_Information:_
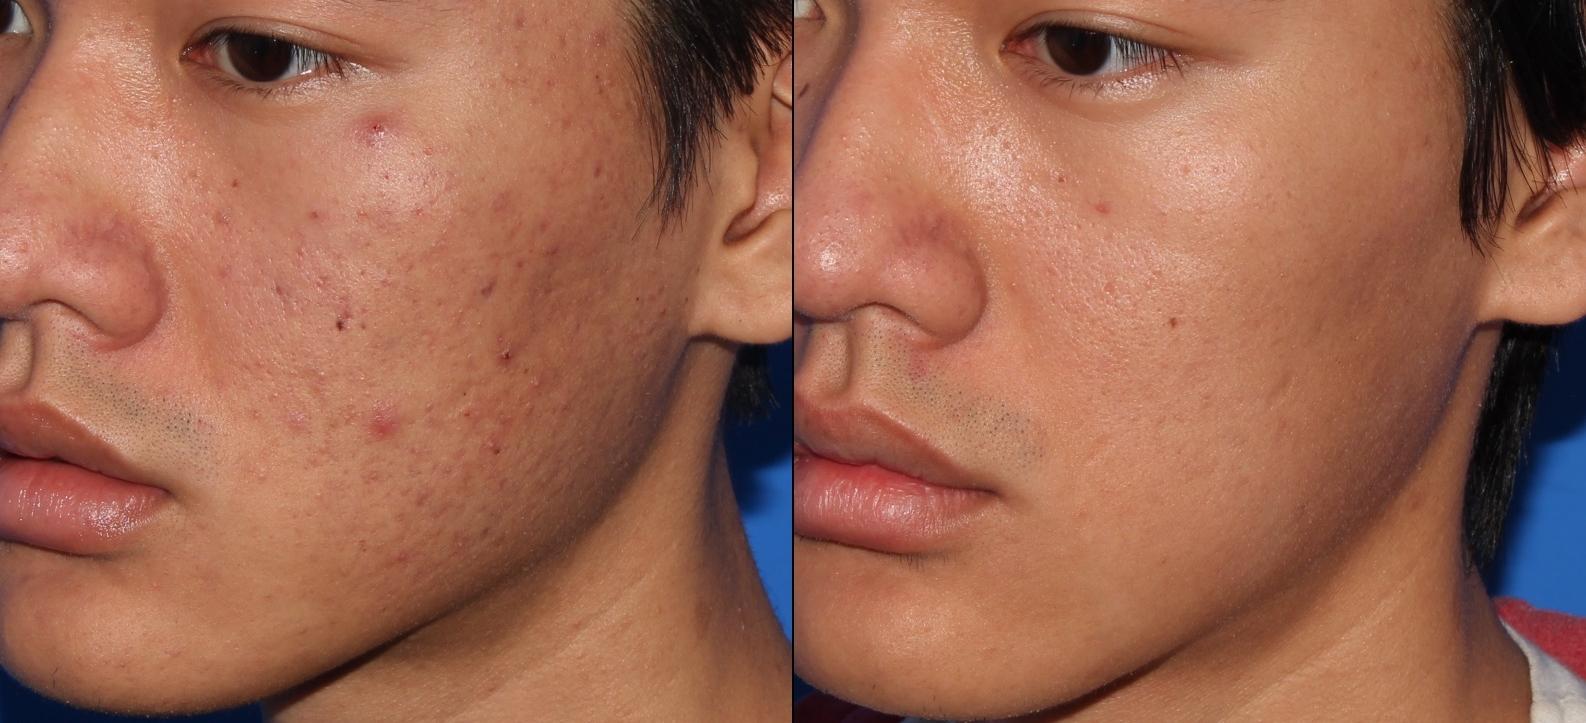 NailaMalikMD_Micropen-acne-scar-treatment-2.jpg
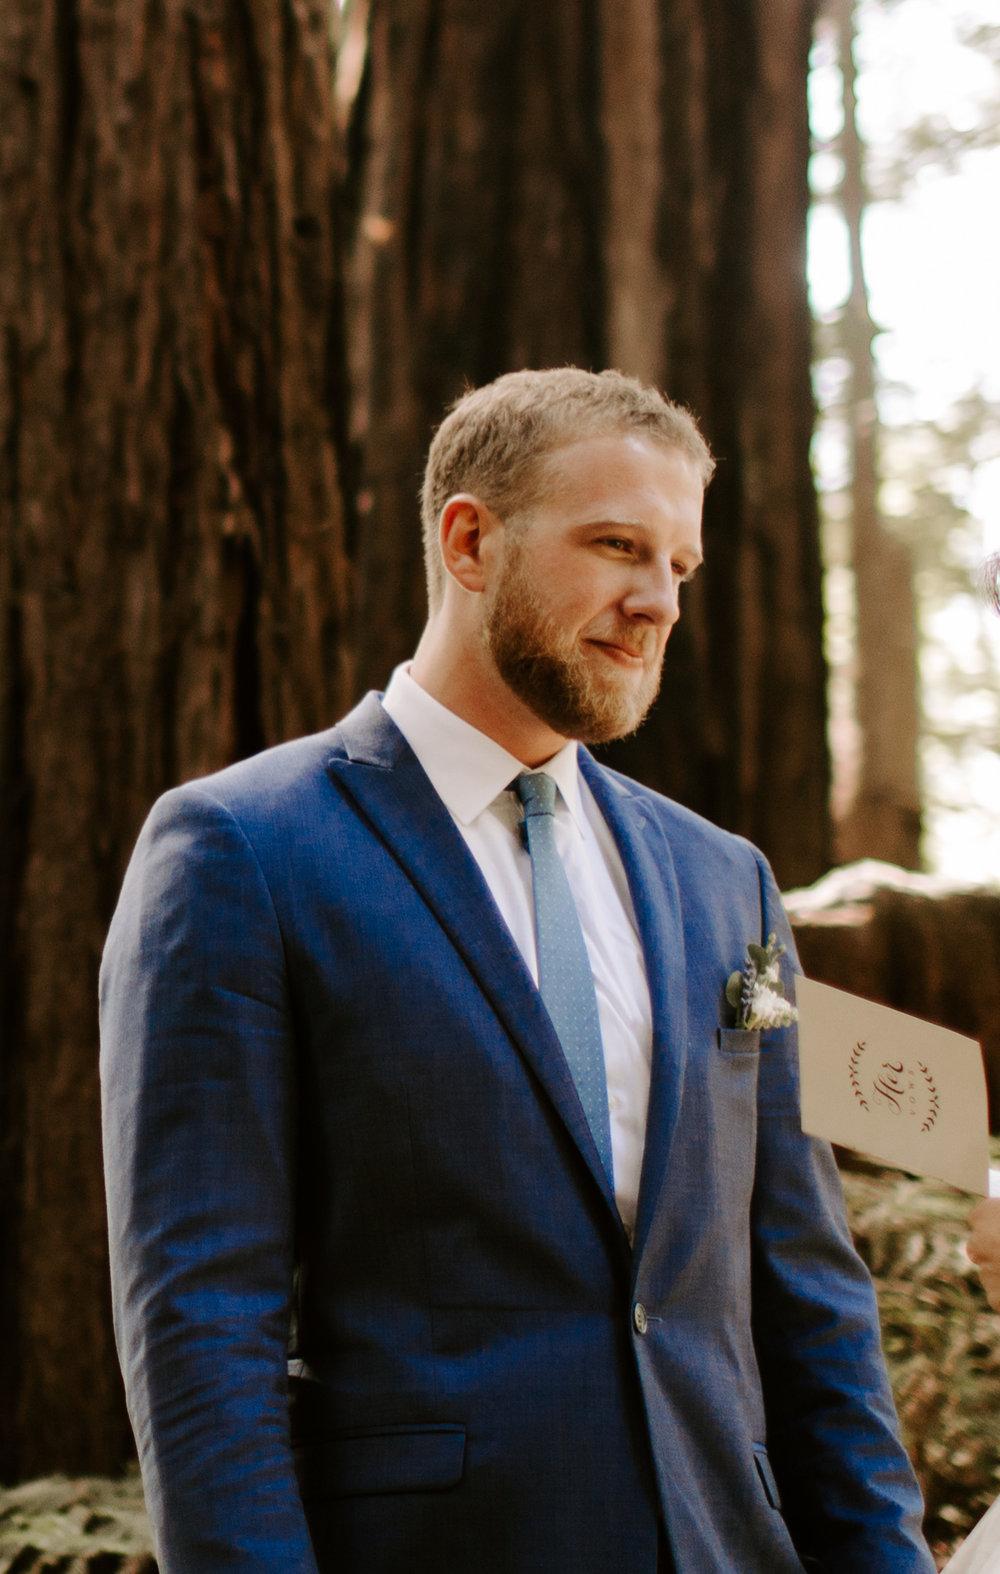 pheiffer beach big sur california wedding first look-1-15.jpg
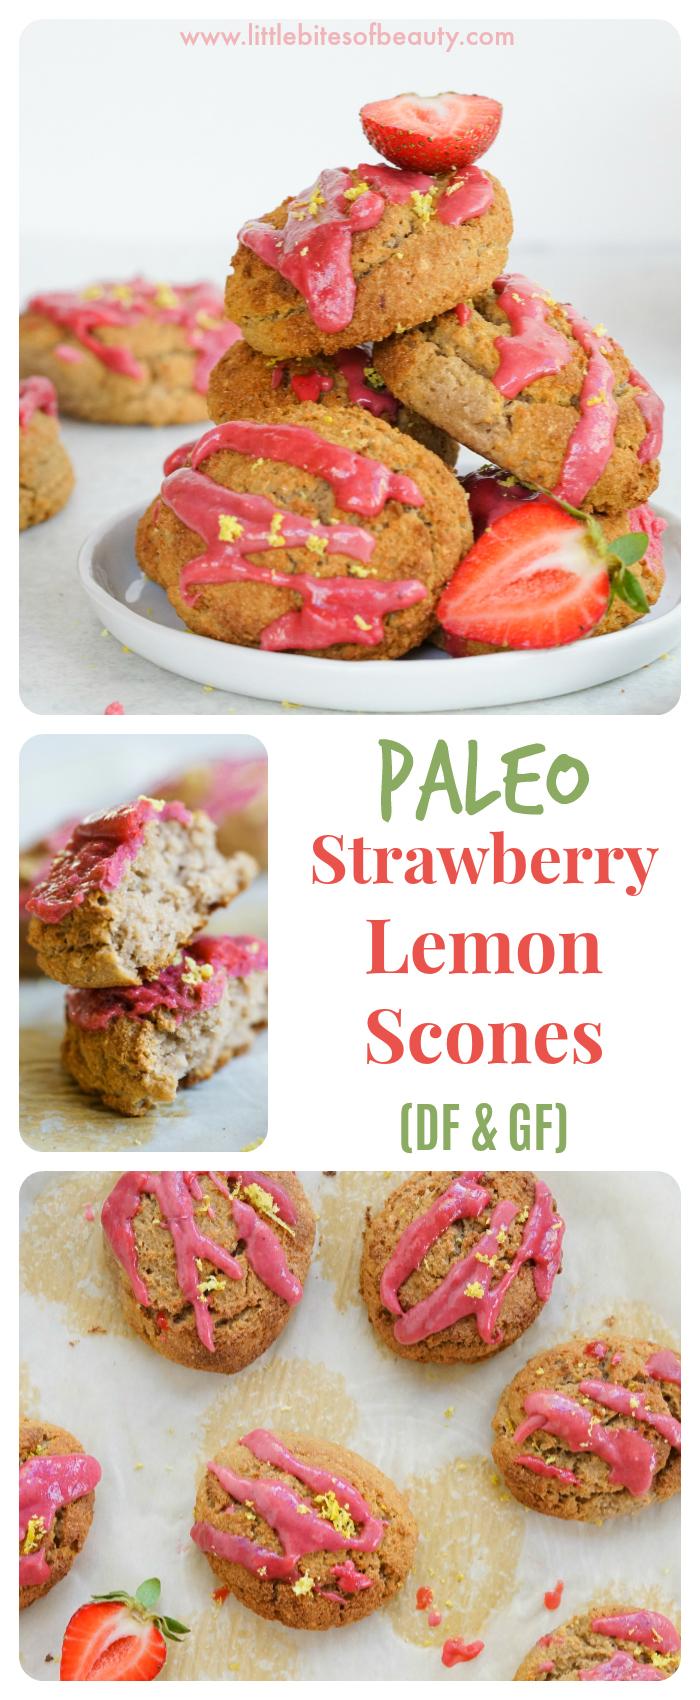 Paleo Strawberry Lemon Scones (Dairy & Gluten Free)
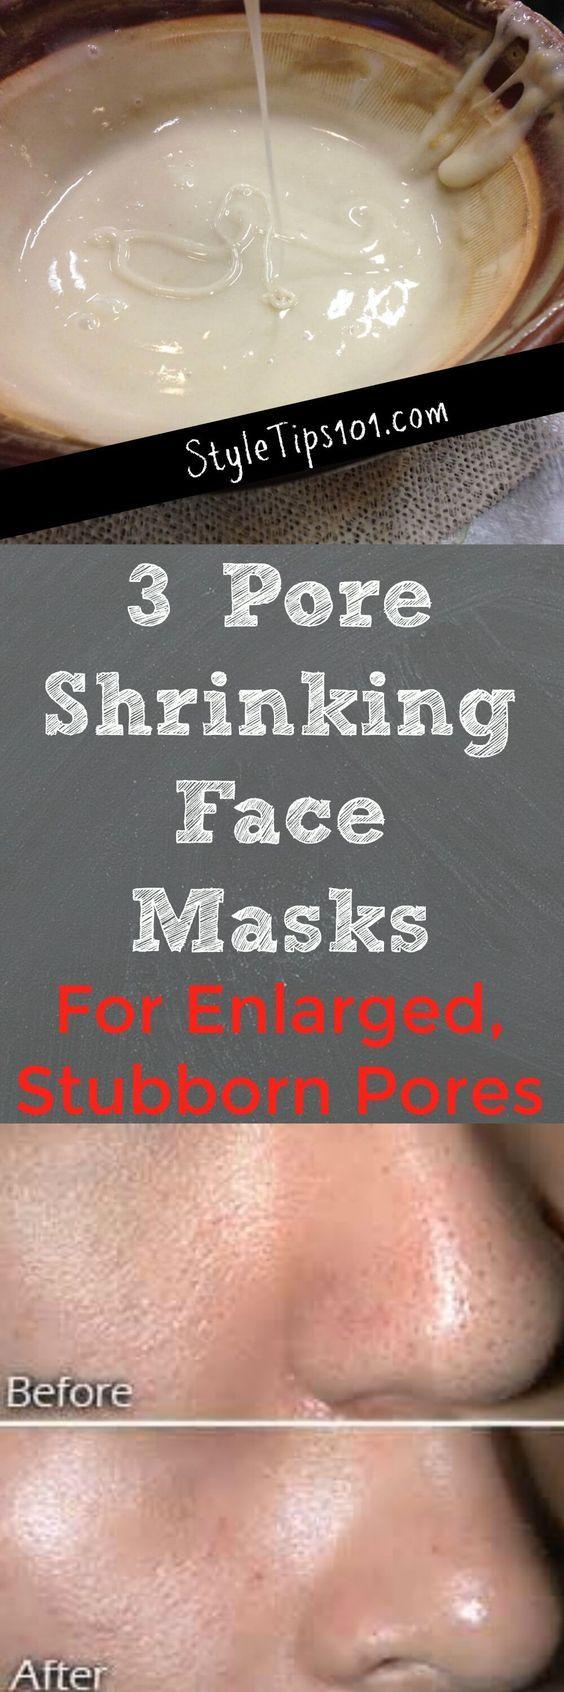 3 Pore Shrinking Face Masks You Should Make Today!
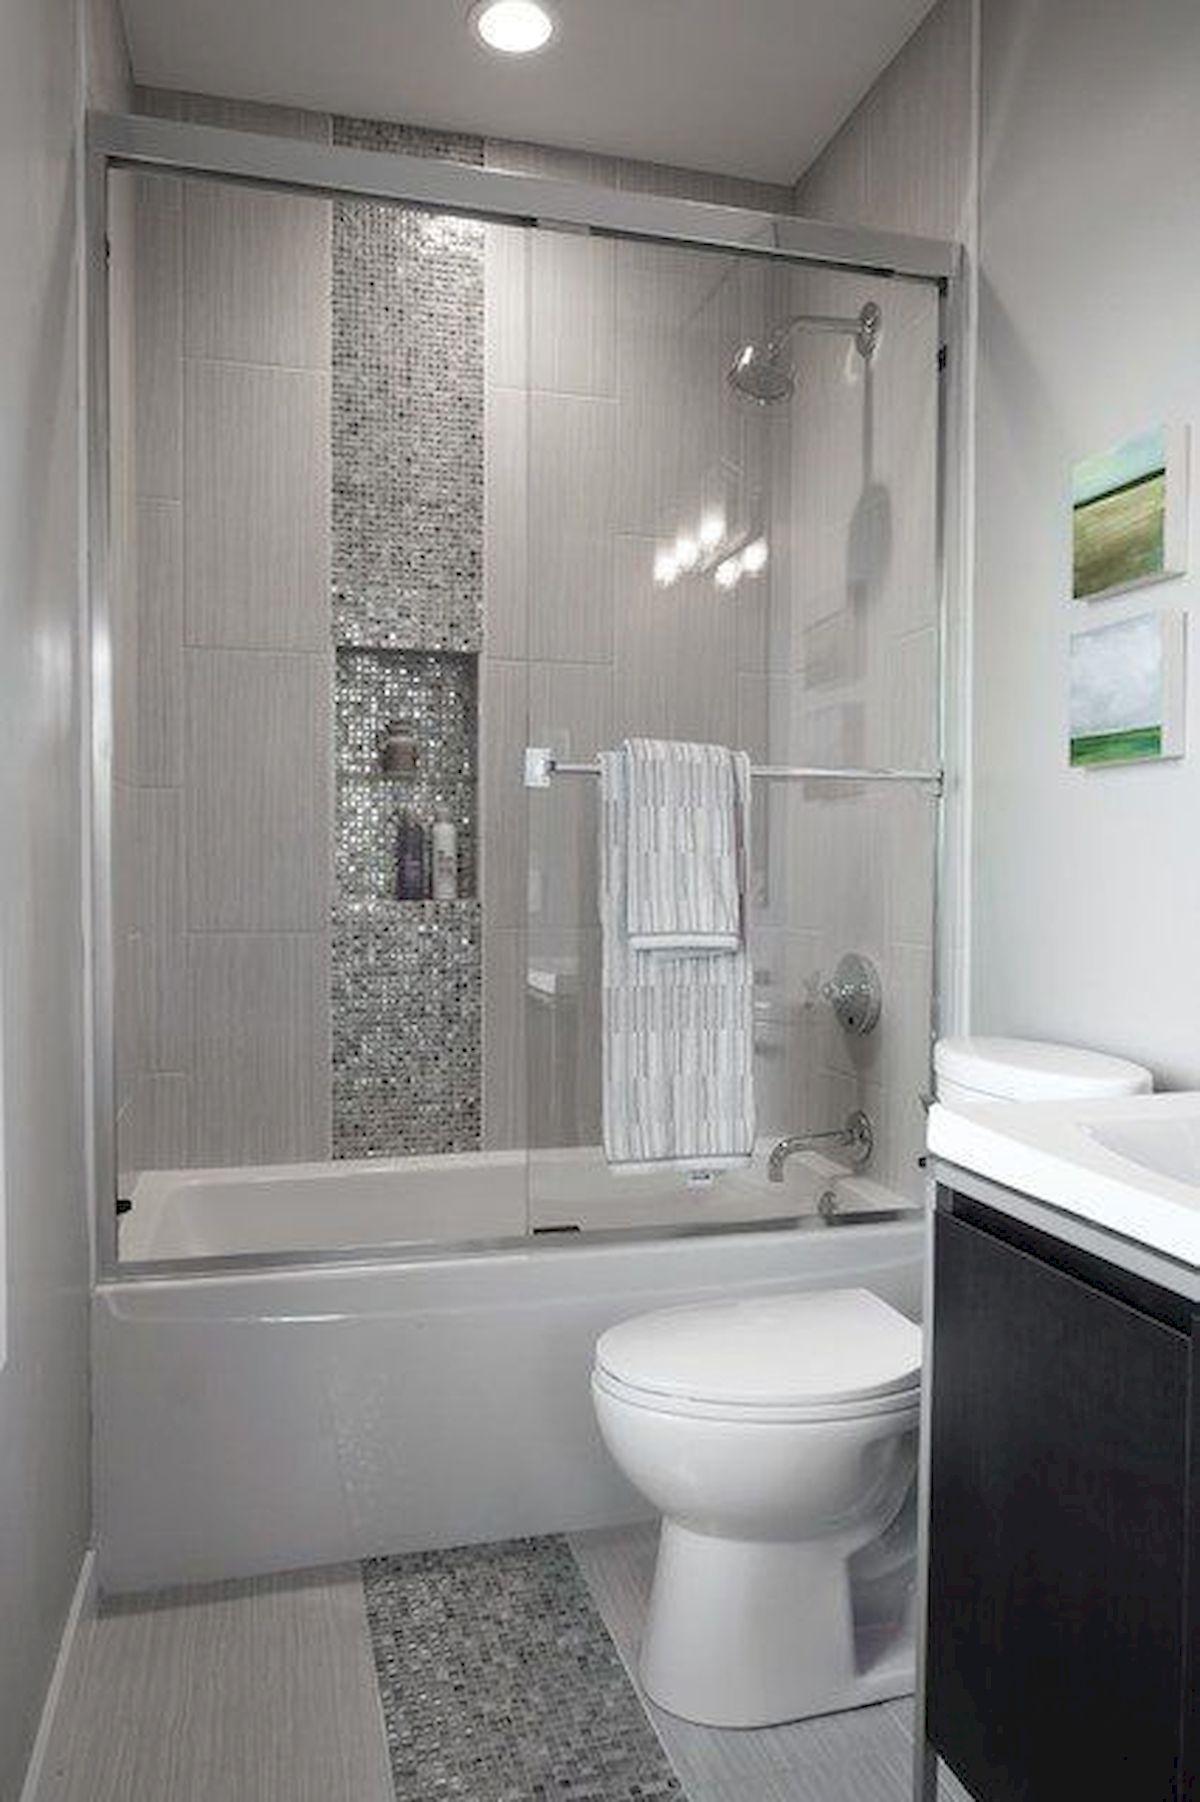 60 elegant small master bathroom remodel ideas 20 on bathroom renovation ideas for small bathrooms id=36022
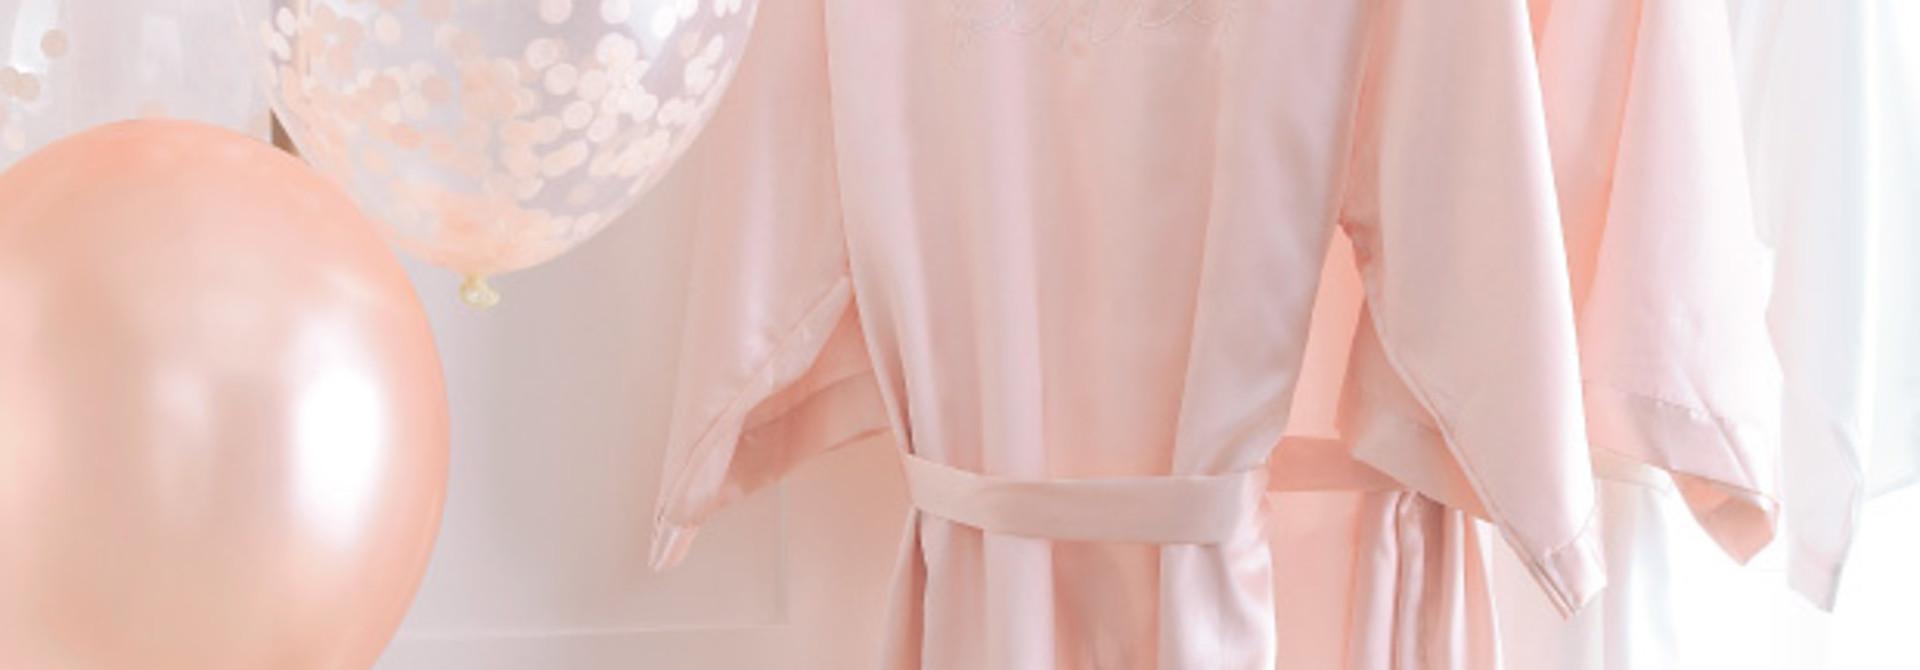 Kimono Brides Bestie Blush Hen Ginger Ray

_Prompt:_ Omit the pictures; print the records above exactly.

_Reply:_
 NailaMalikMD_Micropen-acne-scar-treatment-2.jpg
 pheiffer beach big sur california wedding first look-1-15.jpg
 Paleo Strawberry Lemon Scones (Dairy & Gluten Free)
 3 Pore Shrinking Face Masks You Should Make Today!
 60 elegant small master bathroom remodel ideas 20 on bathroom renovation ideas for small bathrooms id=36022
 Kimono Brides Bestie Blush Hen Ginger Ray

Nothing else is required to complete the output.